About this exercise: Leave the images out. Give every line below again, precisely.

Provided material:

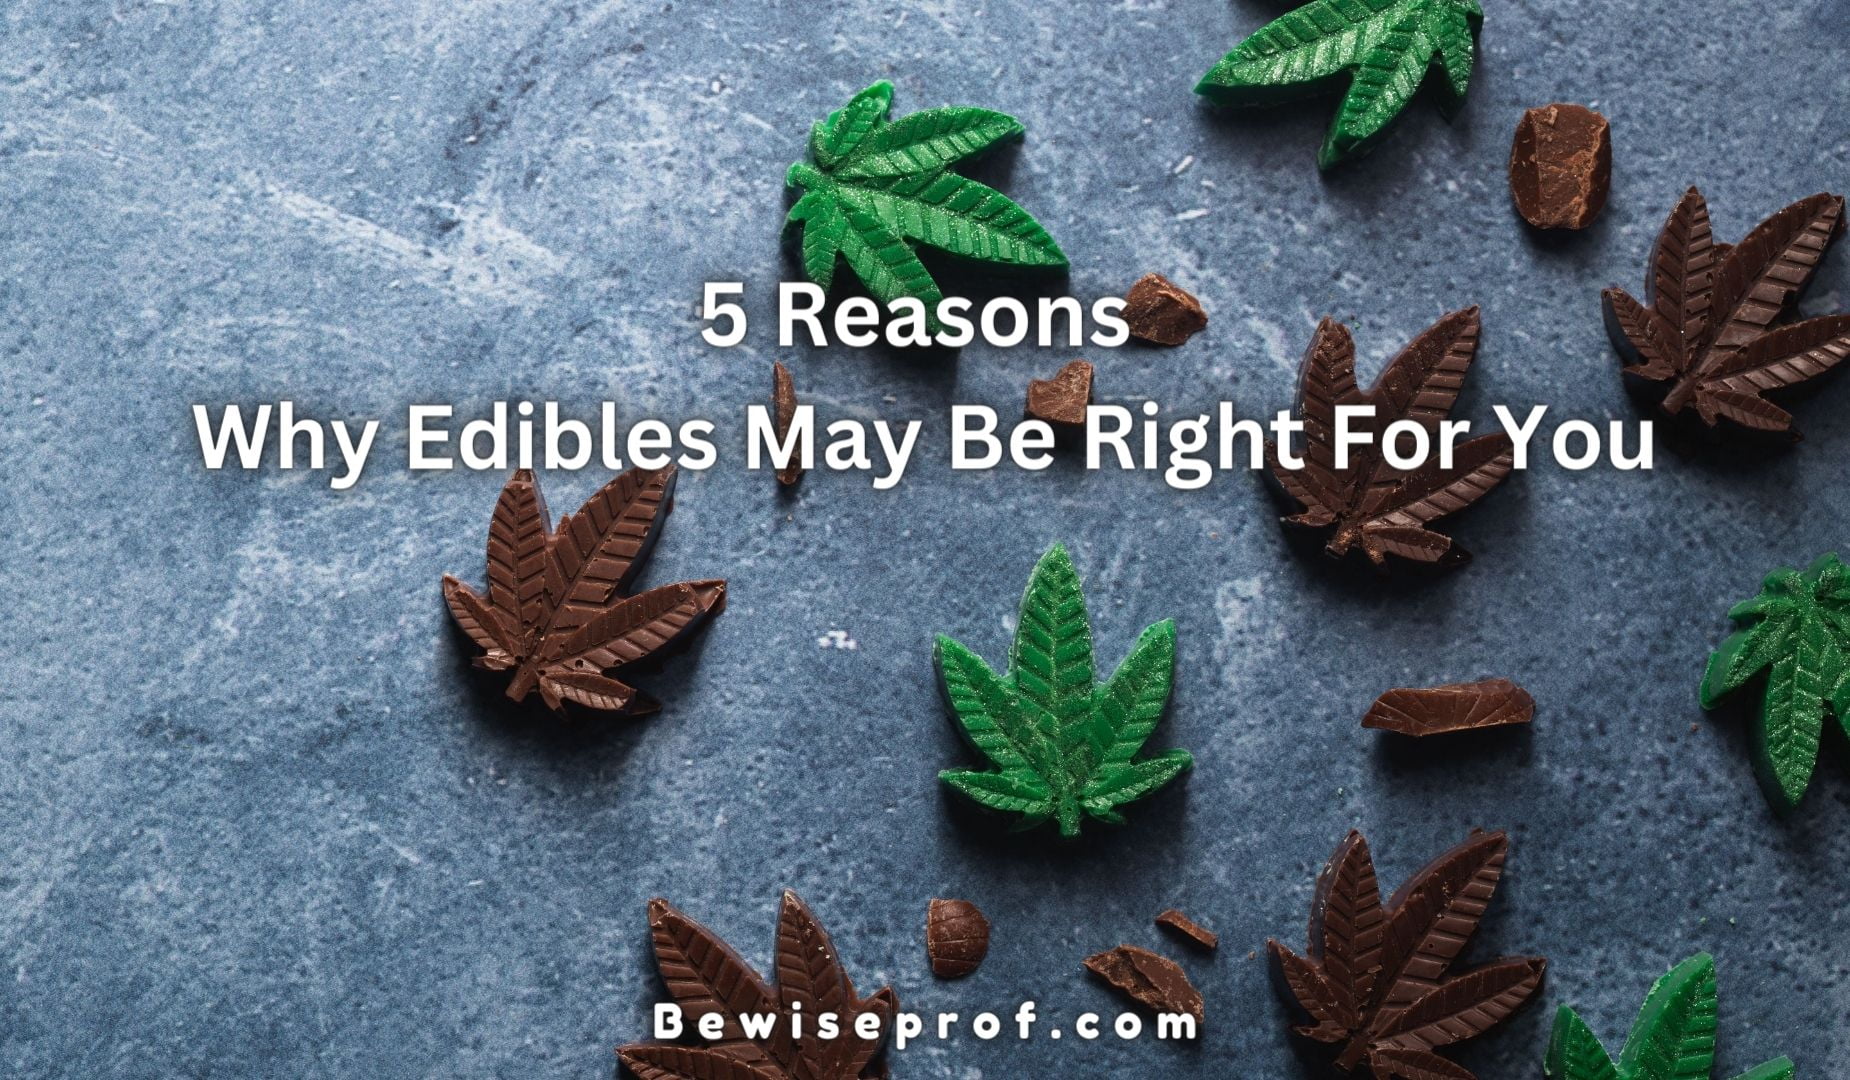 5 Reasons Why Edibles May Be Right For You
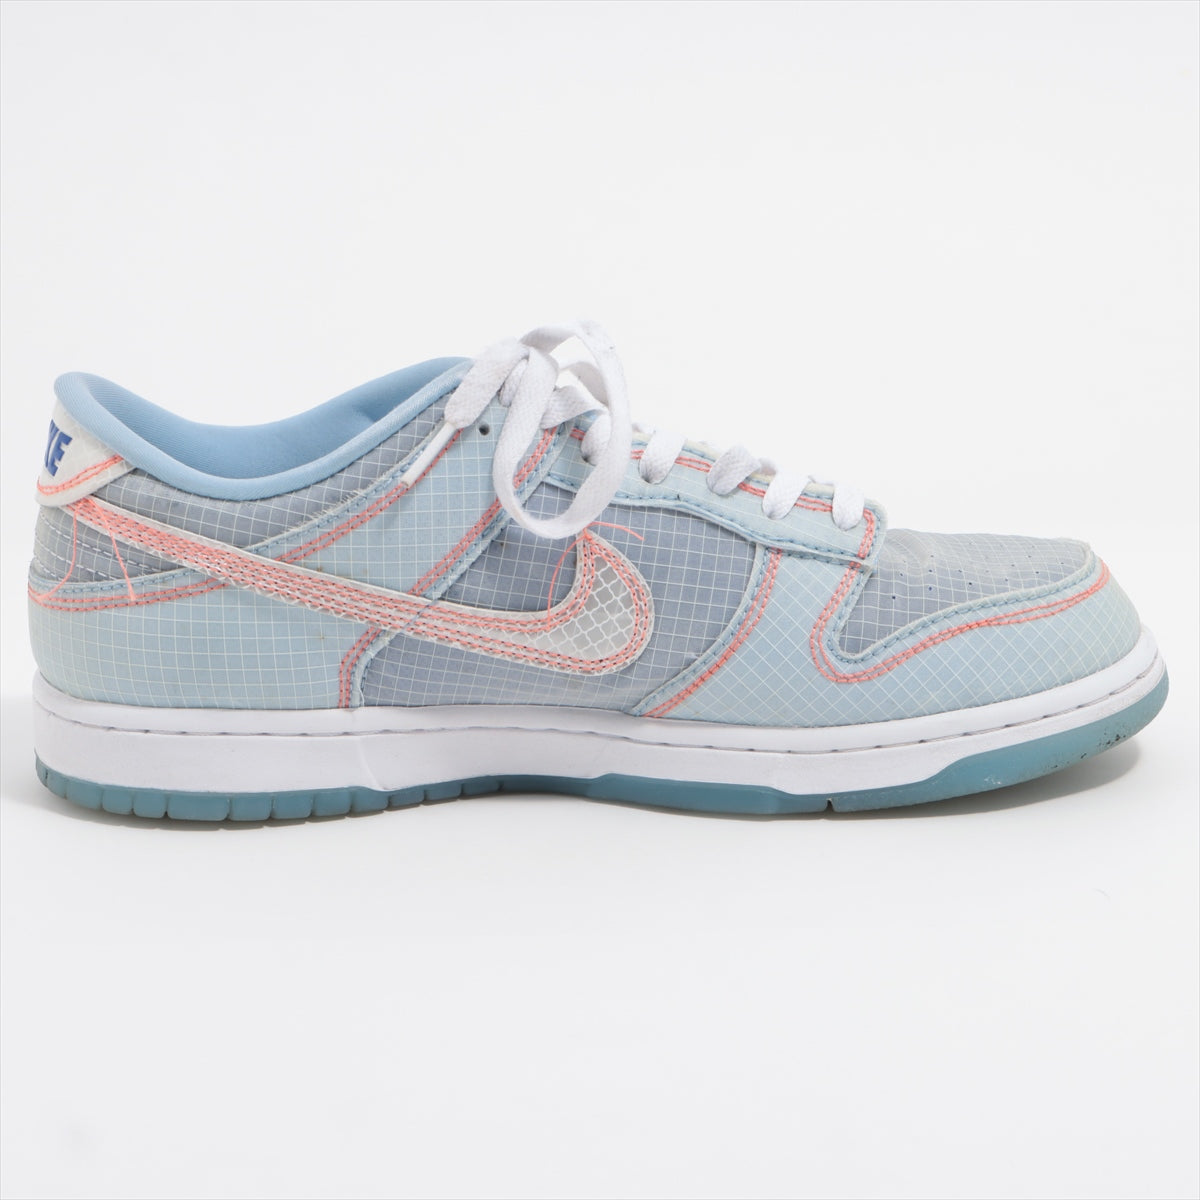 Nike Fabric Sneakers 27cm Men's Blue DJ9649-400 Dunk Low Is there a replacement string
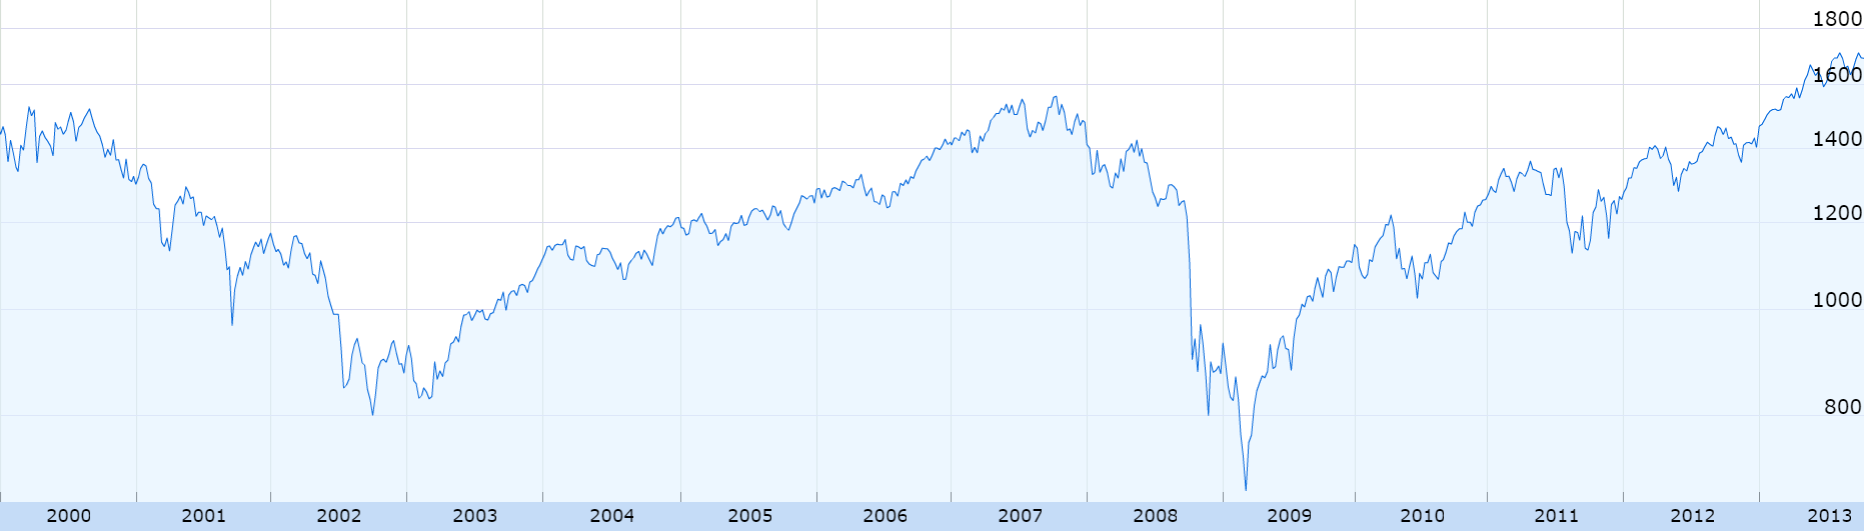 SP500 2001 to 2013
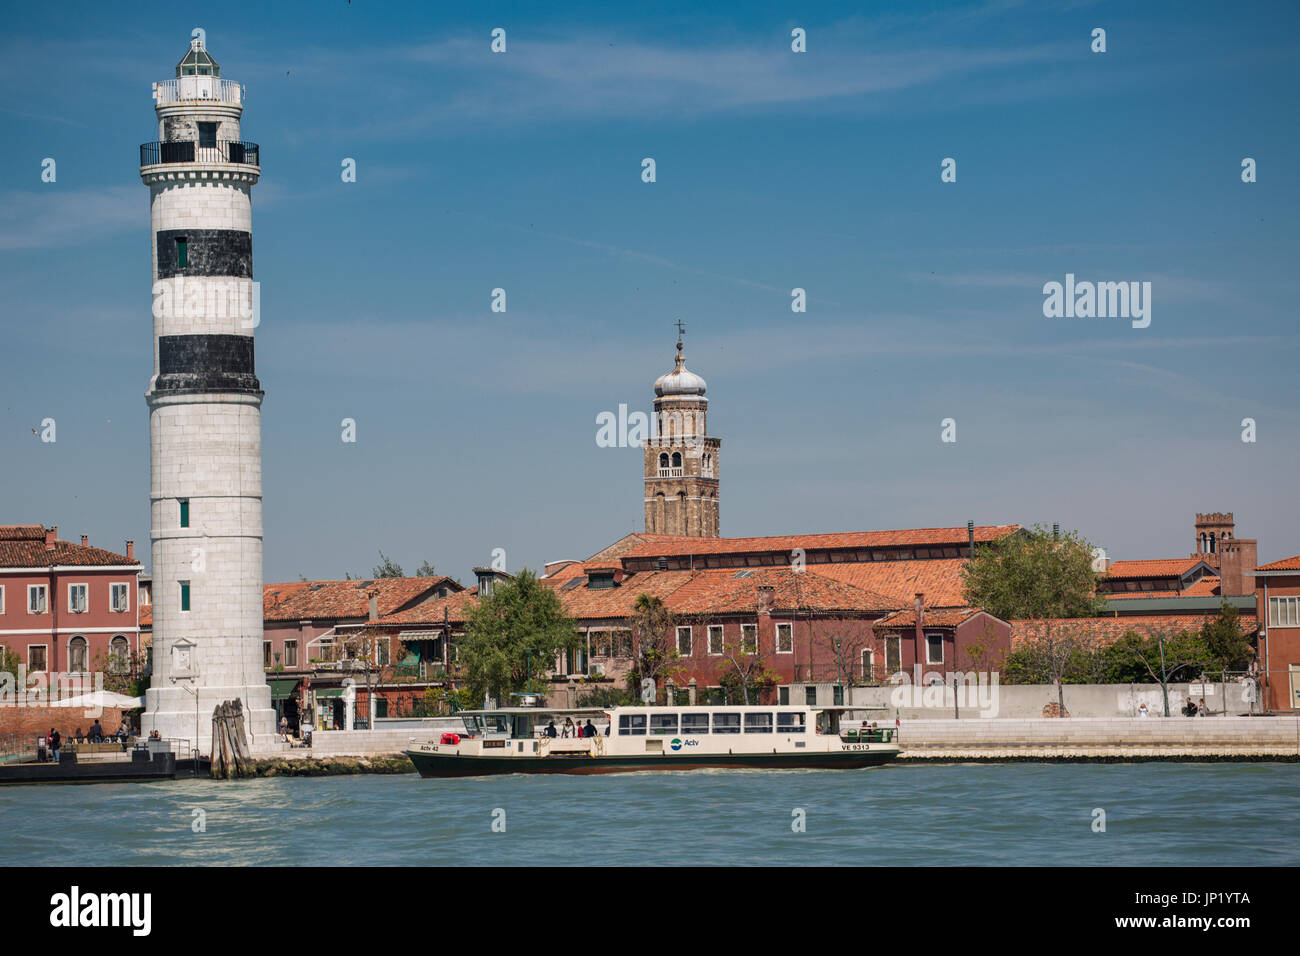 Murano, Venice, Italy - April 28, 2012: The lighthouse (Faro) on Murano in the Venetian Lagoon with the church of Pietro Martire behind. A vaporetto brings and takes off passengers. Stock Photo

Response area:
 5 Reasons Why Edibles May Be Right For You
 Nike Fabric Sneakers 27cm Men's Blue DJ9649-400 Dunk Low Is there a replacement string
 SP500 2001 to 2013
 Murano, Venice, Italy - April 28, 2012: The lighthouse (Faro) on Murano in the Venetian Lagoon with the church of Pietro Martire behind. A vaporetto brings and takes off passengers. Stock Photo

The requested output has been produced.